What you have to do.
Copy the data verbatim and leave out every picture.

Dataset extract.
----------

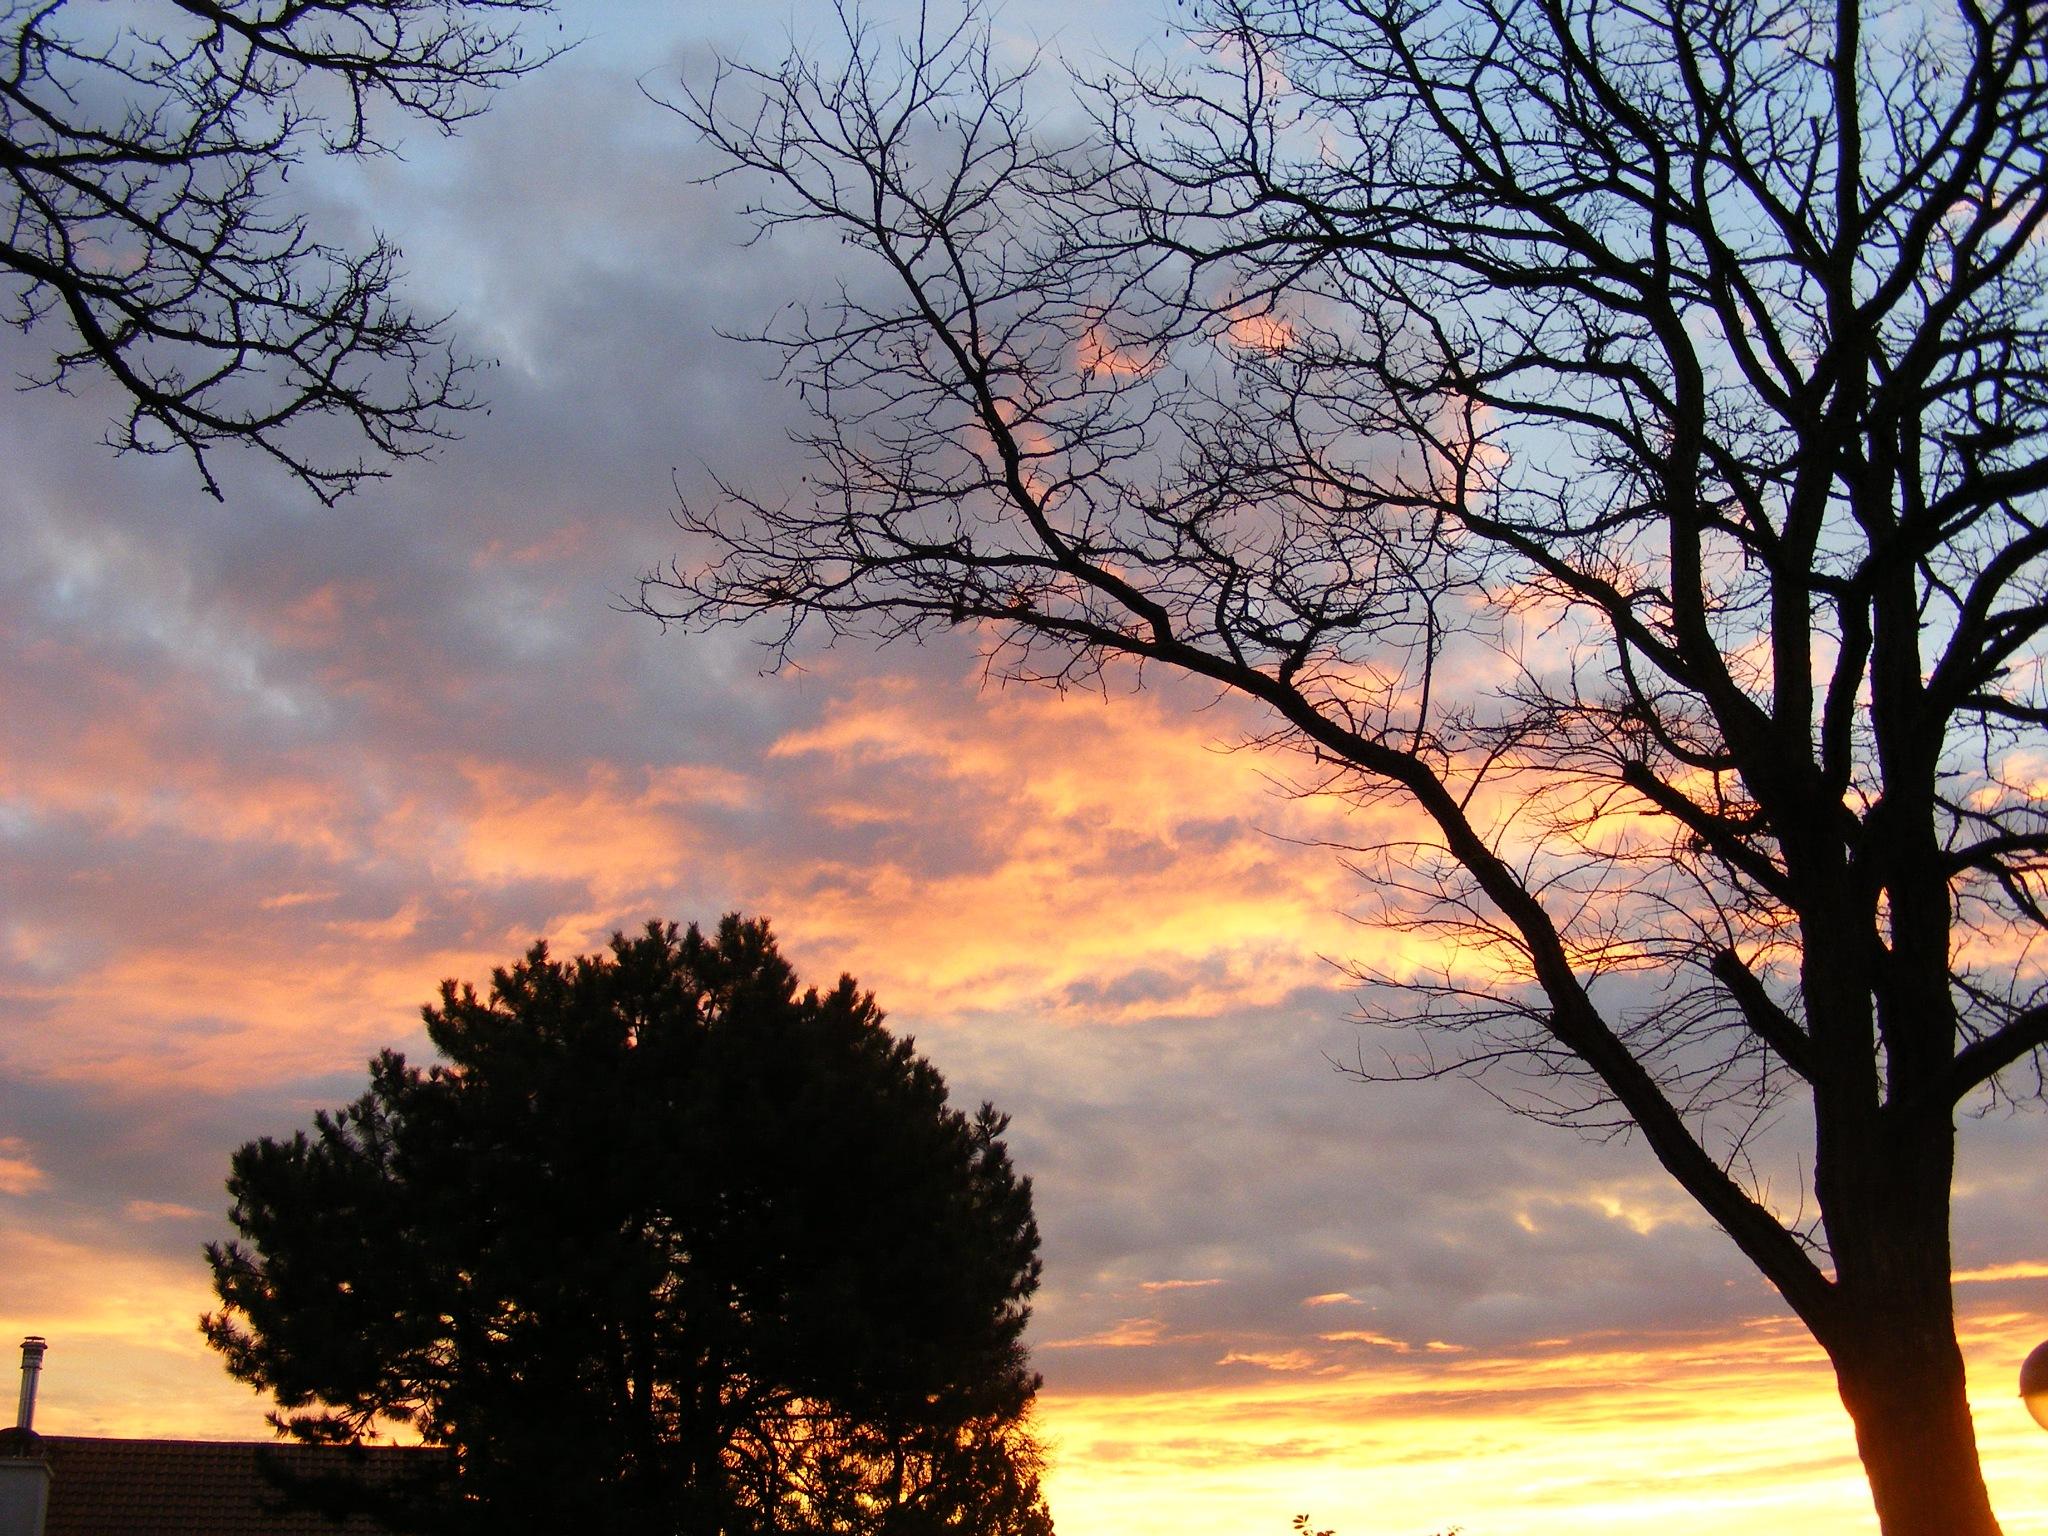 tramonto by swernthaler
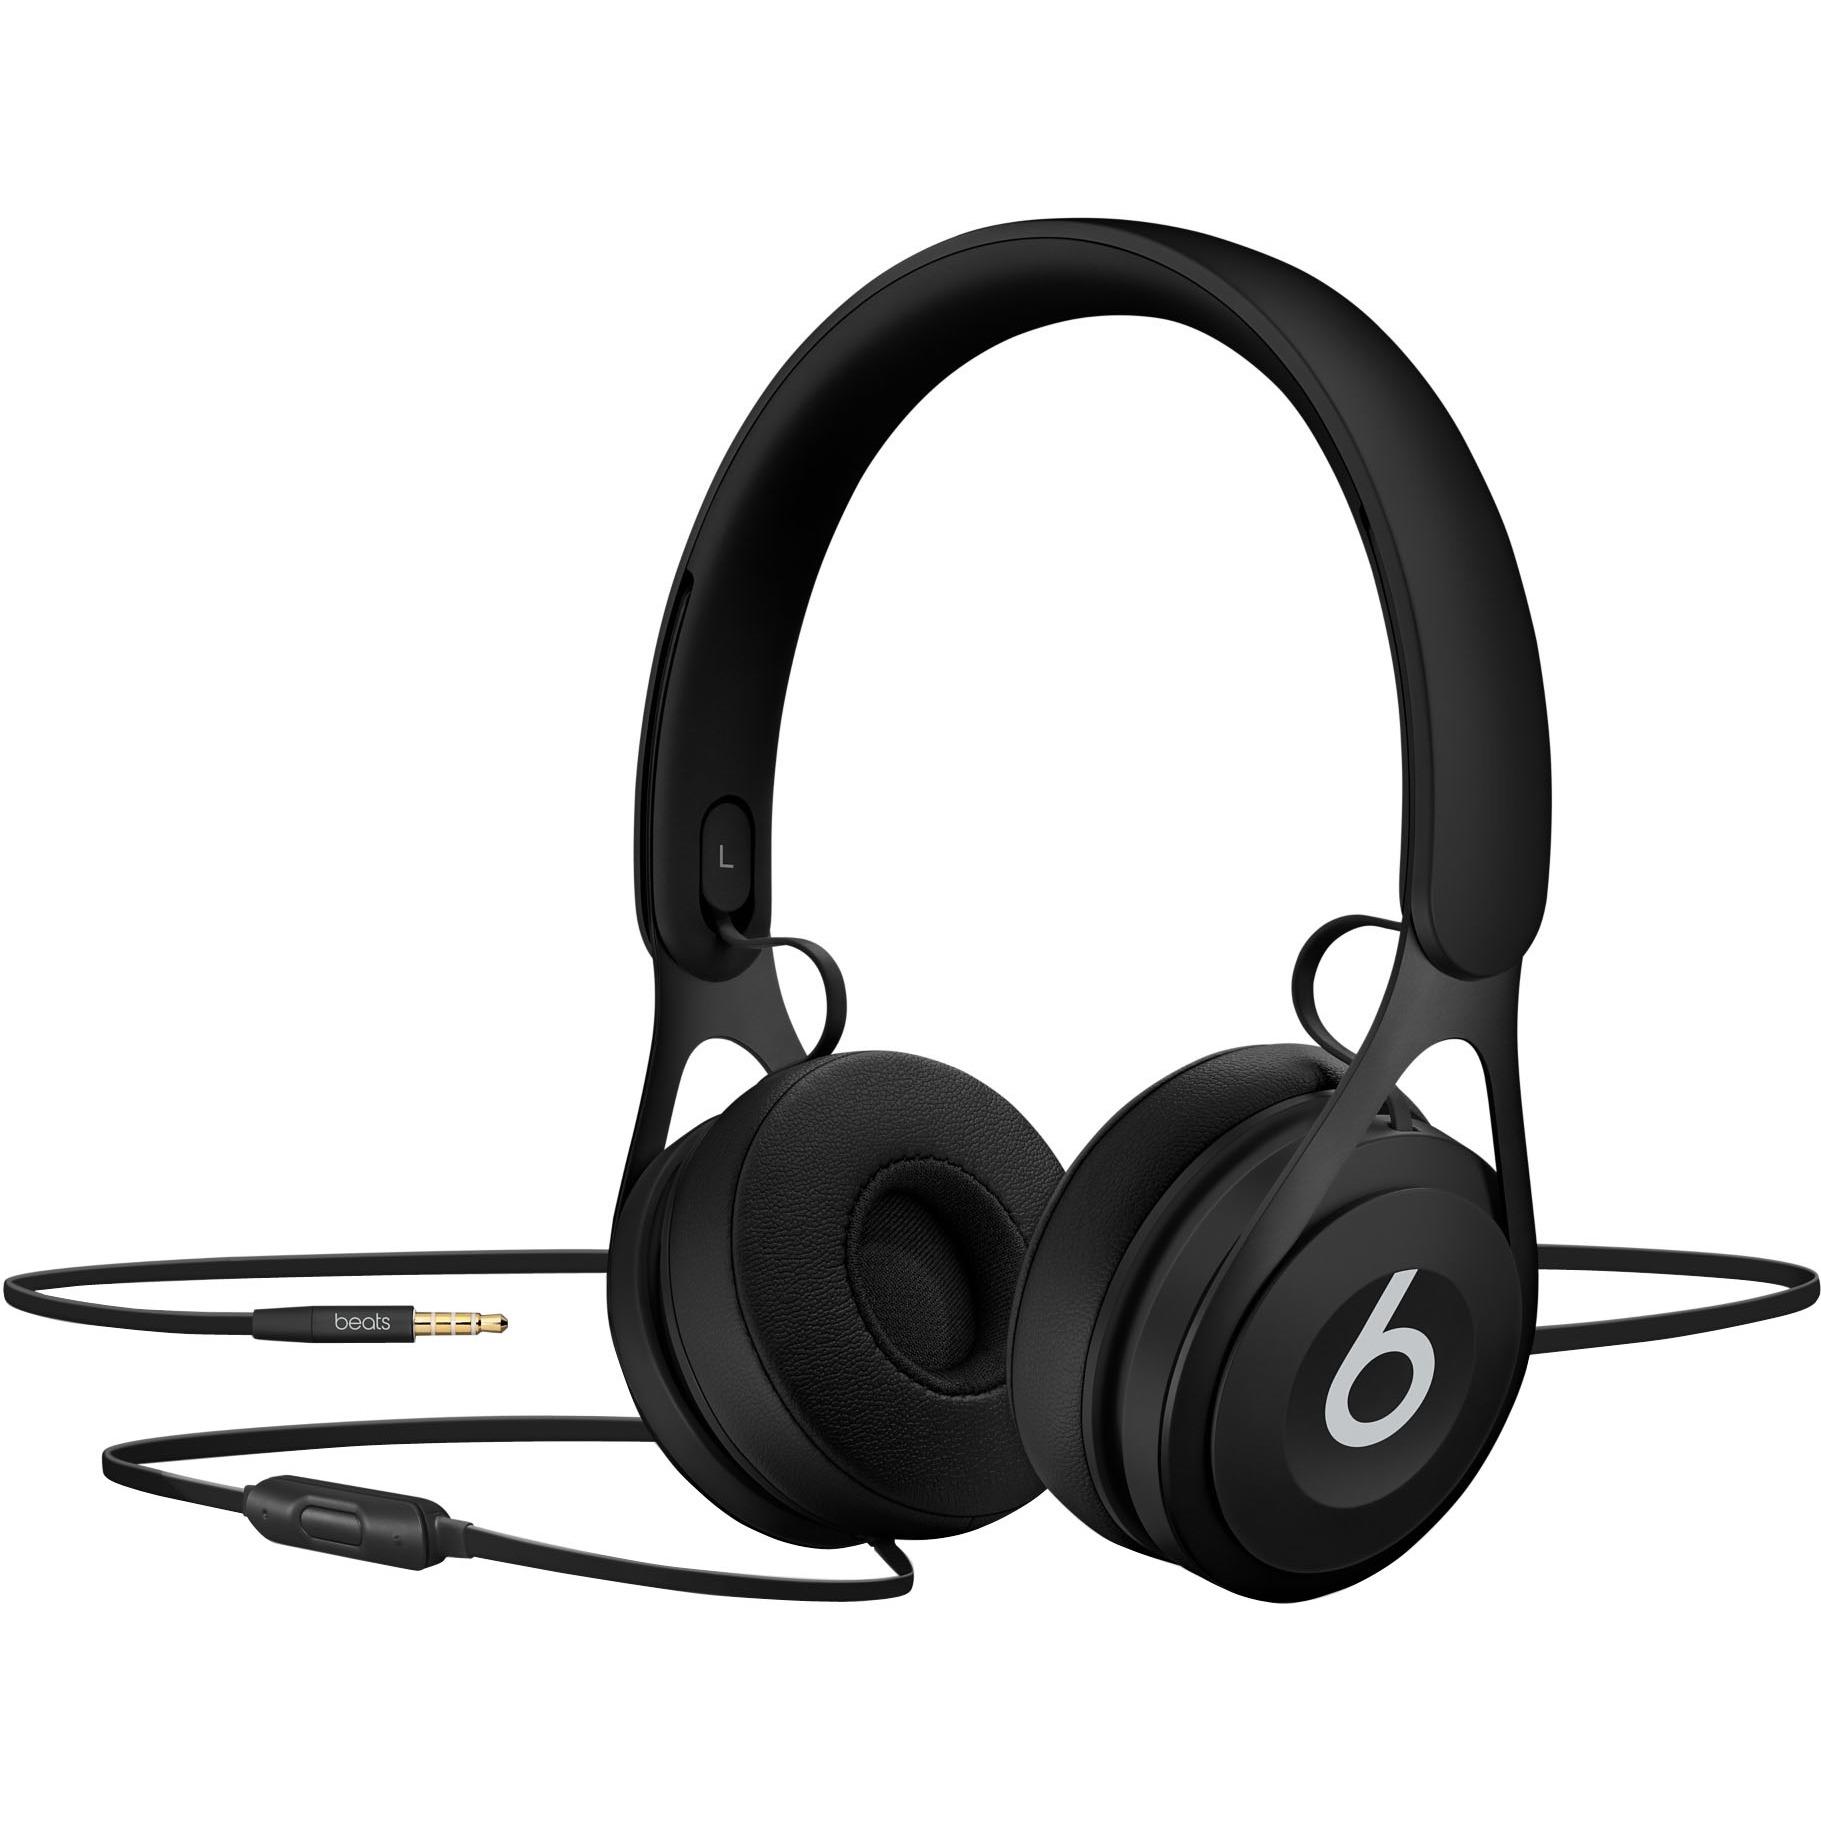 Beats by Dr. Dre EP On-Ear Headphones - Black - Stereo - Black - Mini-phone - Wired - Over-the-head - Binaural - Supra-aural 0
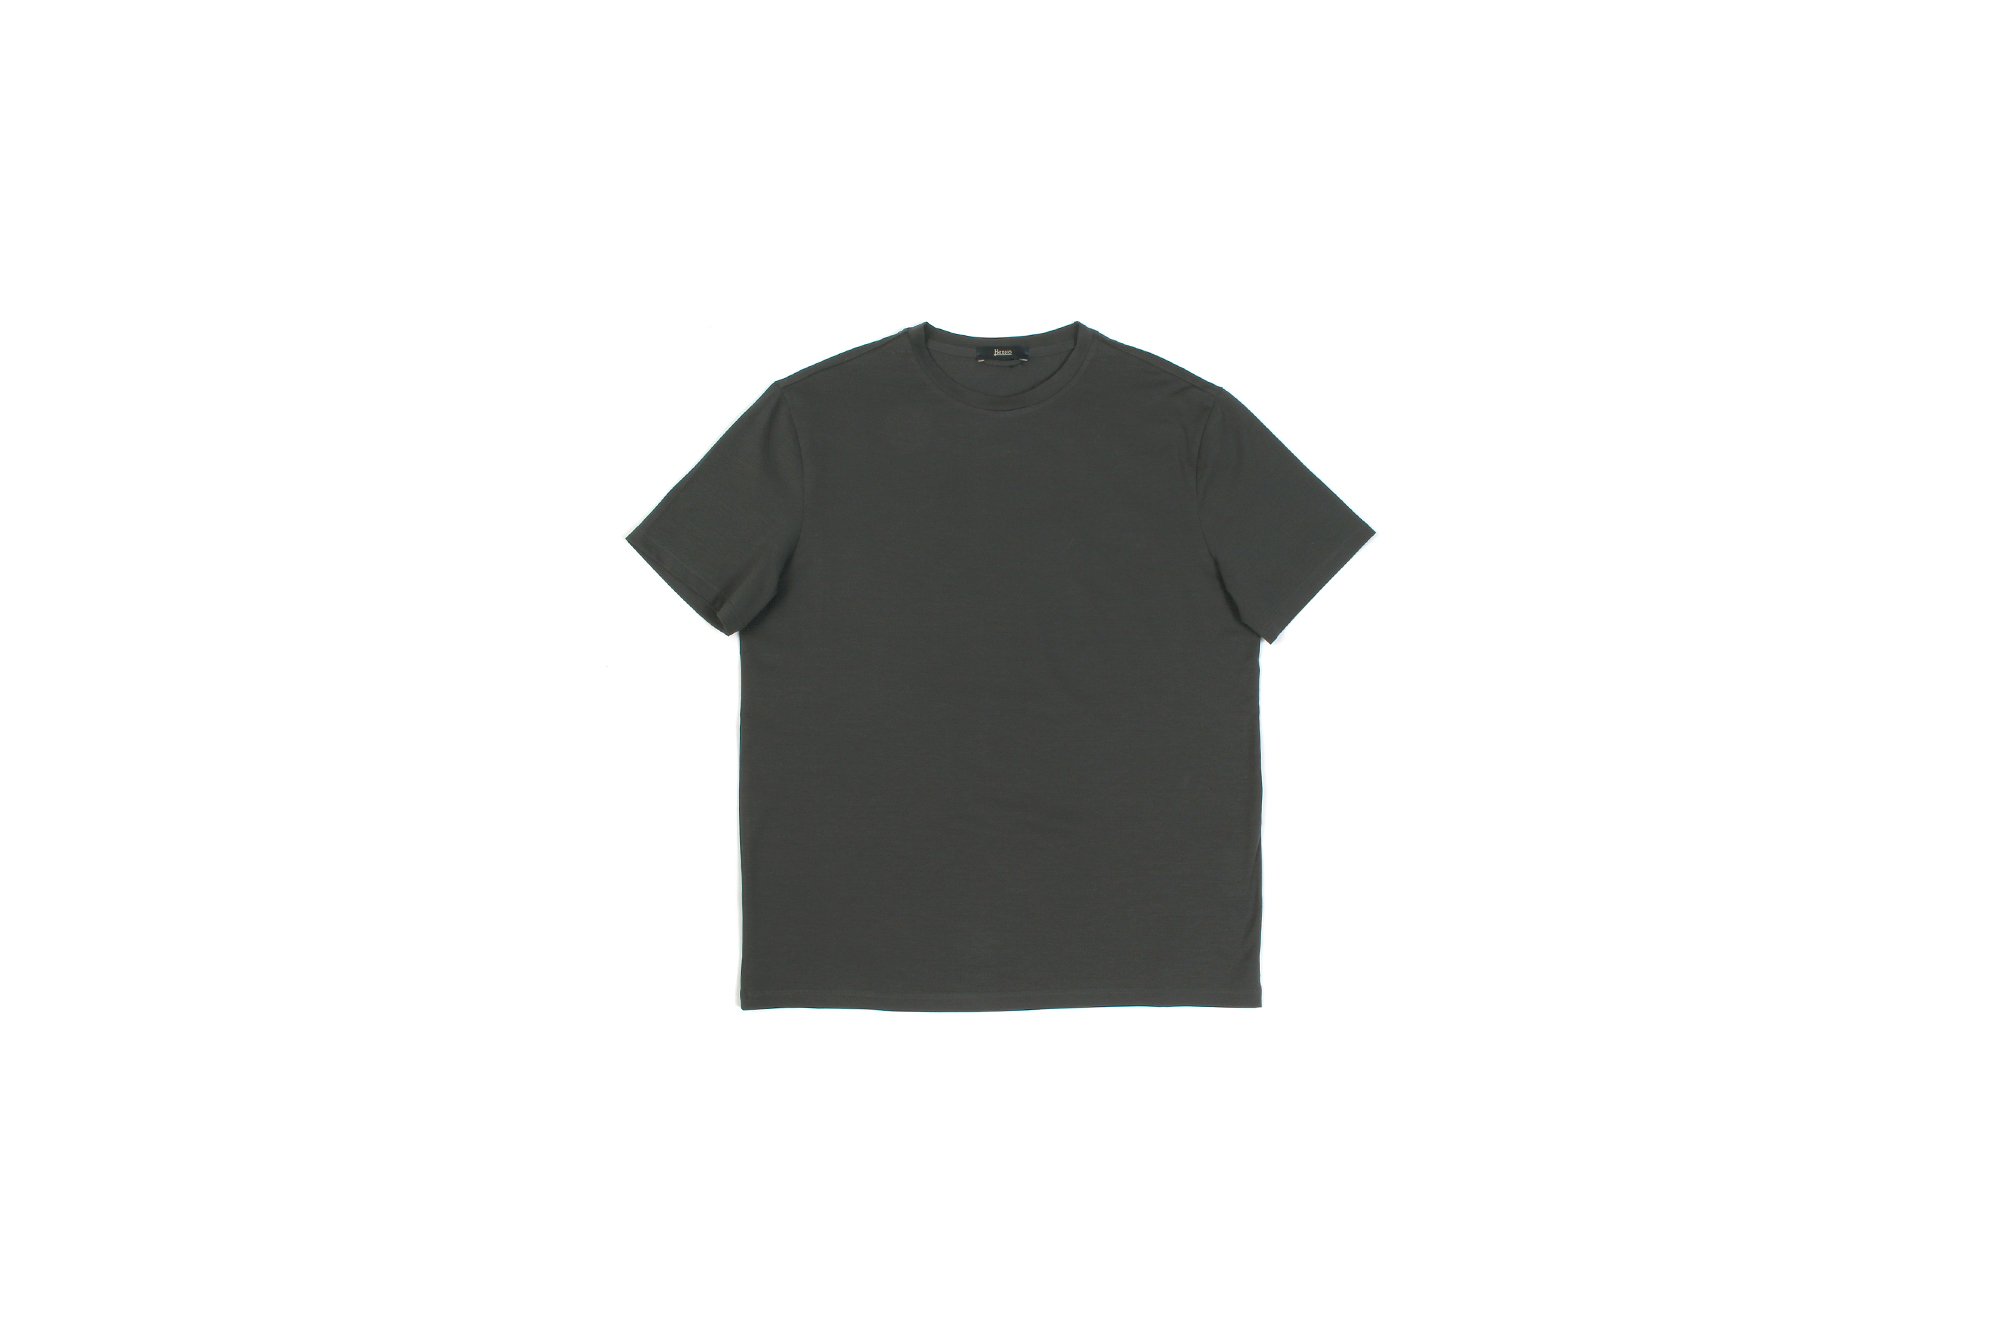 HERNO (ヘルノ) Cotton Stretch Crew Neck T-shirt (コットン ストレッチ クルーネック Tシャツ) クルーネック Tシャツ CHARCOAL (チャコール・9480) 2021 春夏新作 Alto e Diritto altoediritto アルトエデリット Tee

----------

Solution to this exercise.
 tramonto by swernthaler
 Beats by Dr. Dre EP On-Ear Headphones - Black - Stereo - Black - Mini-phone - Wired - Over-the-head - Binaural - Supra-aural 0
 HERNO (ヘルノ) Cotton Stretch Crew Neck T-shirt (コットン ストレッチ クルーネック Tシャツ) クルーネック Tシャツ CHARCOAL (チャコール・9480) 2021 春夏新作 Alto e Diritto altoediritto アルトエデリット Tee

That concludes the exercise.